#### Supplied data ####

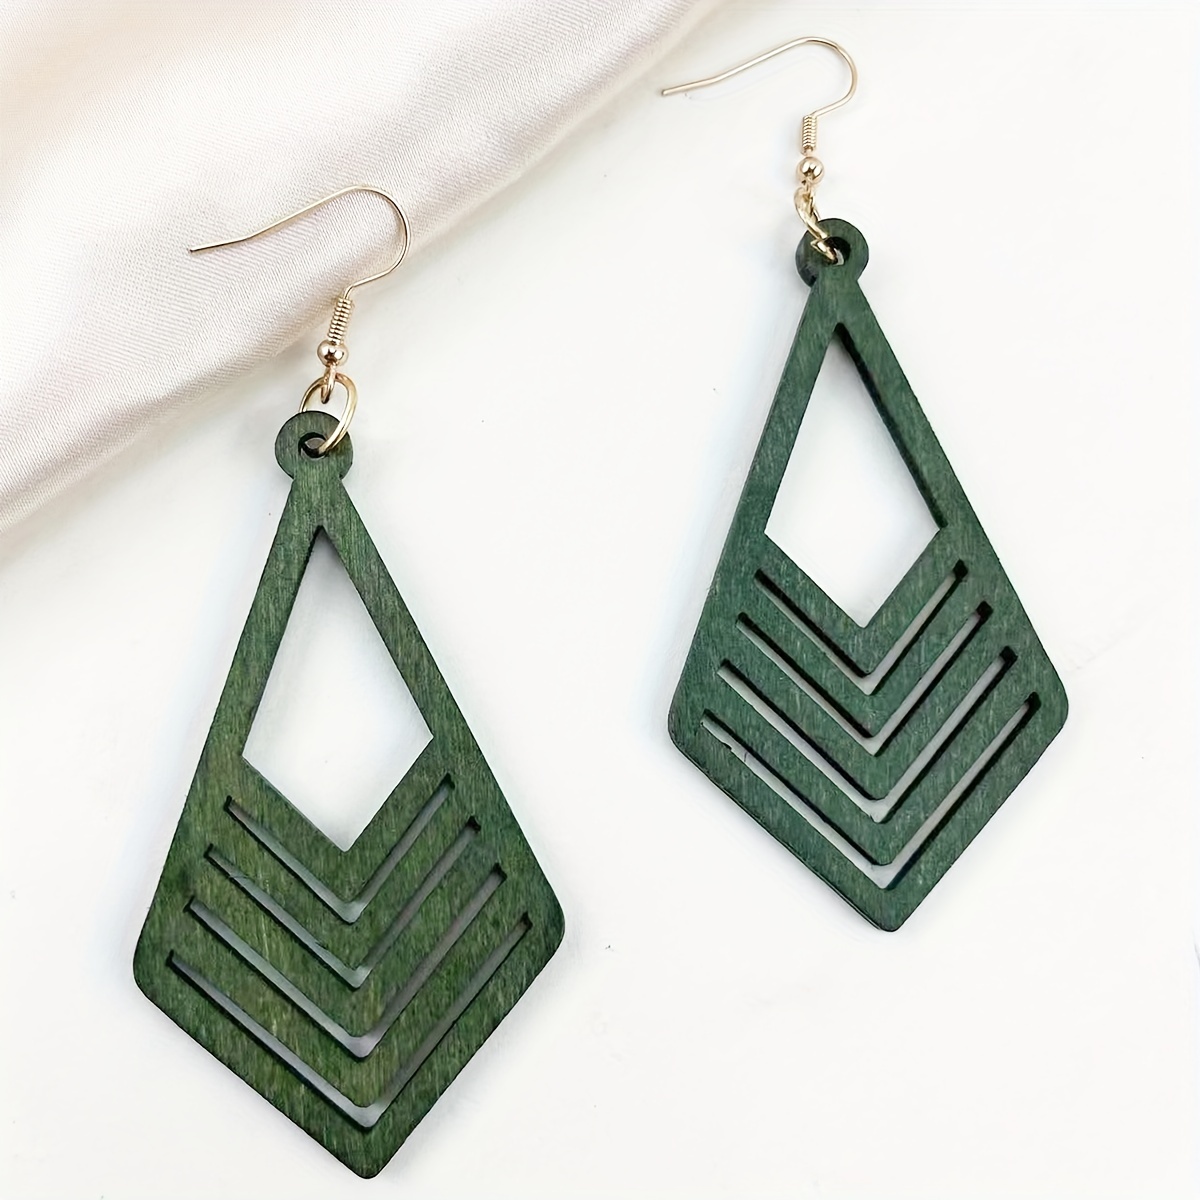 Hexagon Earrings, Geometric Wooden Stud, Mint Green
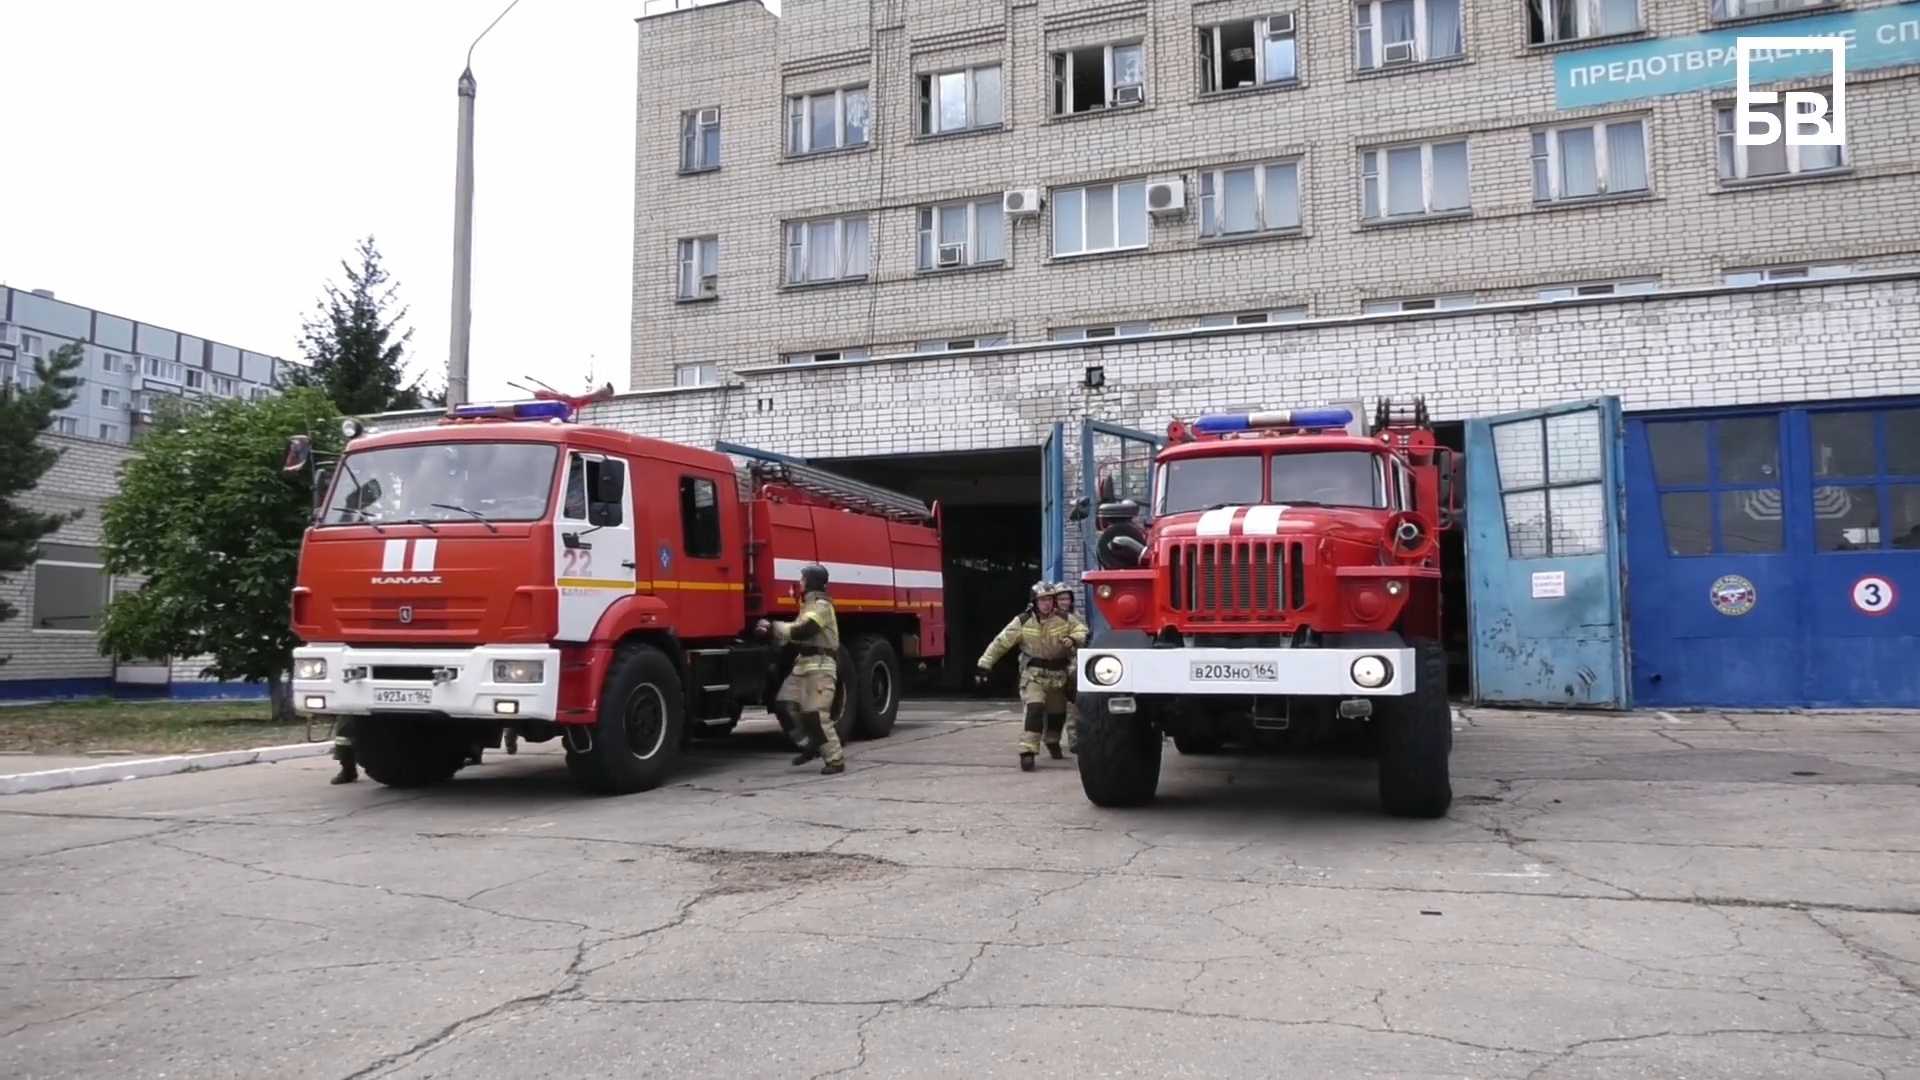 Пожарно-спасательные подразделения БМР работают в режиме повышенной готовности
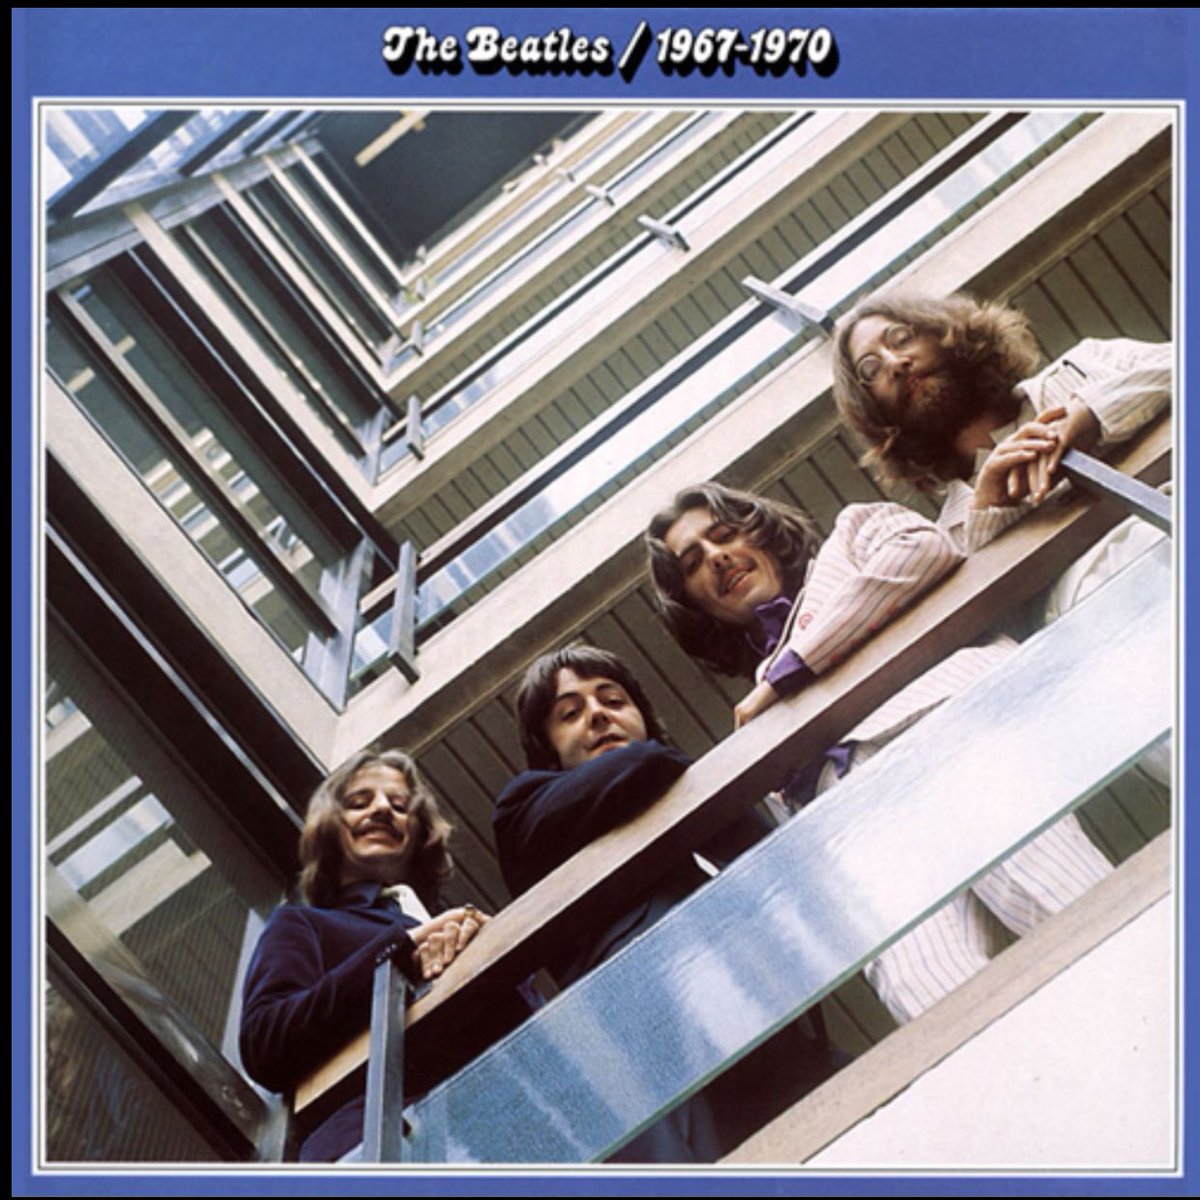 アしや 芦谷 耕平 ジャスティスリーグは エンディングテーマにcome Together 使ってくれただけで100万点 ジャスティスリーグ Thebeatles Nowplaying Come Together The Beatles 1967 1970 Disc 2 T Co Ymoo3g2urp T Co Unqhdpvcmq
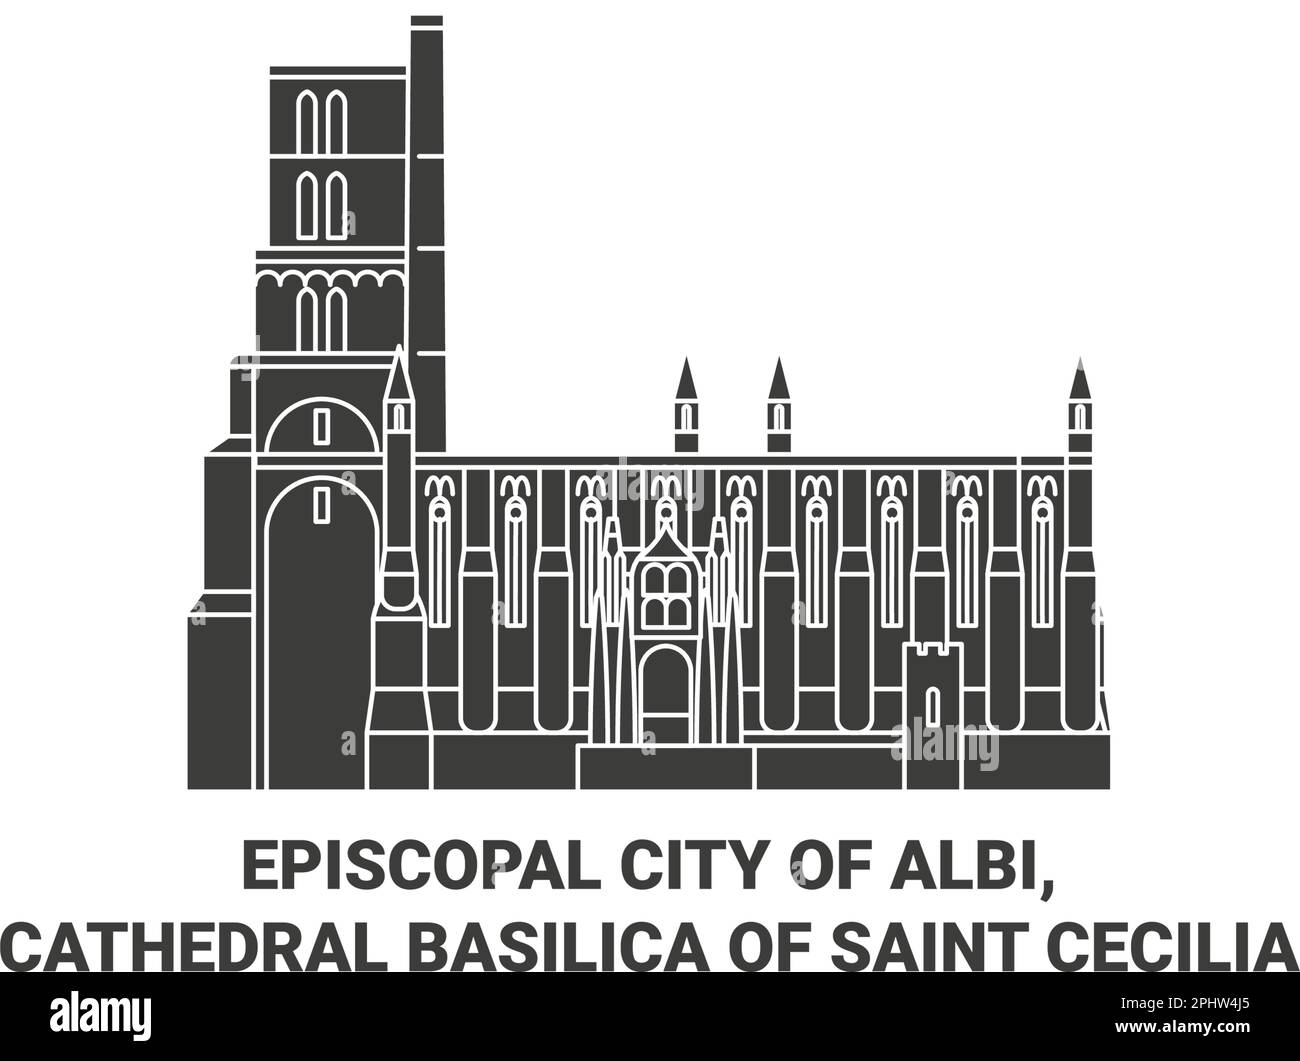 Francia, Ciudad Episcopal de Albi, Catedral Basílica de Santa Cecilia ilustración vectorial de referencia de viaje Ilustración del Vector
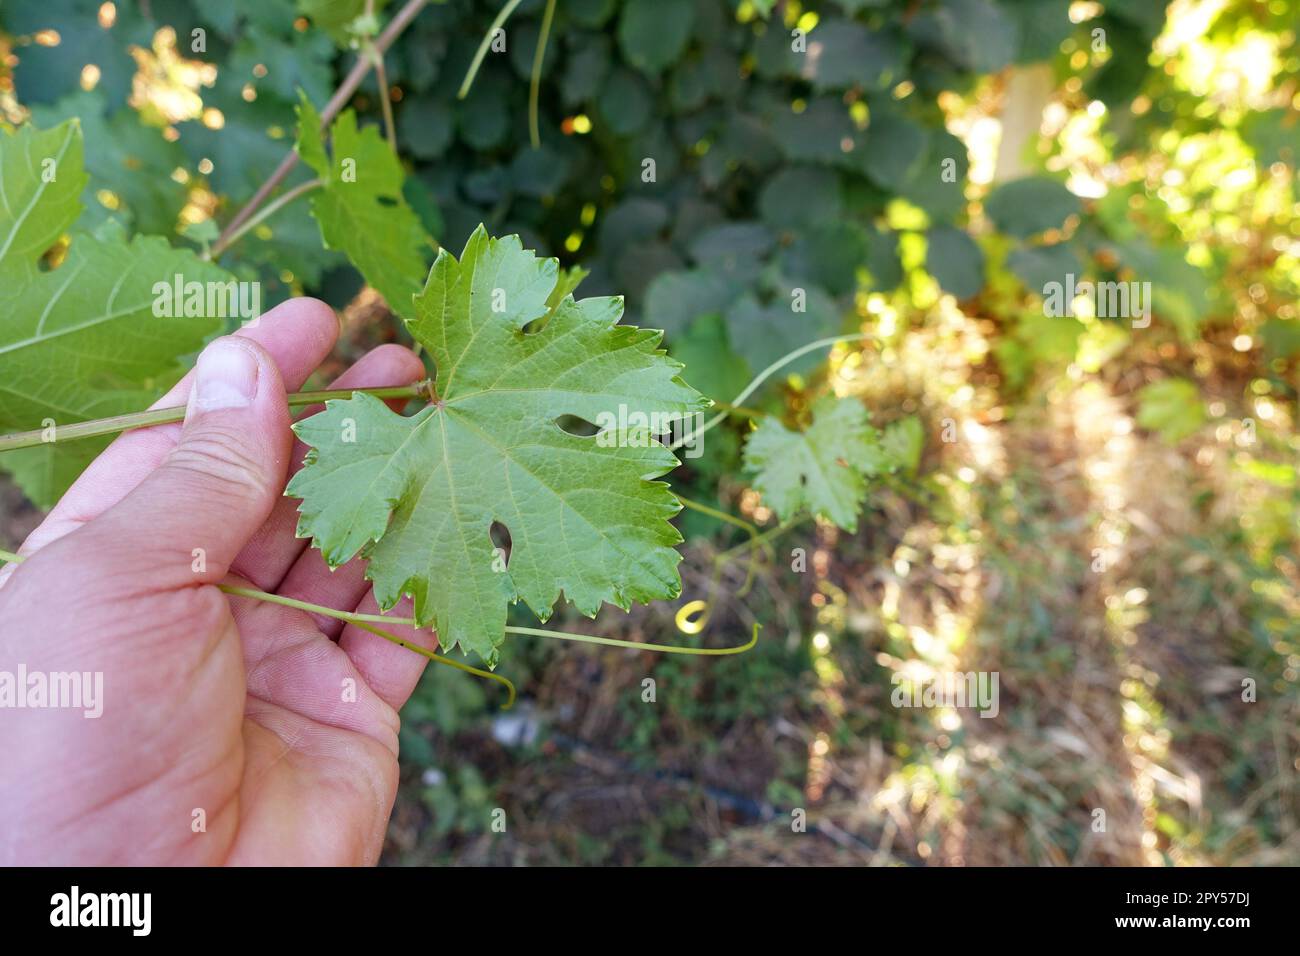 germogli e foglie di vite, foglie di uva, foglie di vite fresche Foto Stock

####

# [What you are asked to do]
Omit the pictures. Write out exactly the lines from the one containing "Francia, Ciudad Episcopal" through the last line of the entries, both of them included.

# [Answer box]
 Francia, Ciudad Episcopal de Albi, Catedral Basílica de Santa Cecilia ilustración vectorial de referencia de viaje Ilustración del Vector
 germogli e foglie di vite, foglie di uva, foglie di vite fresche Foto Stock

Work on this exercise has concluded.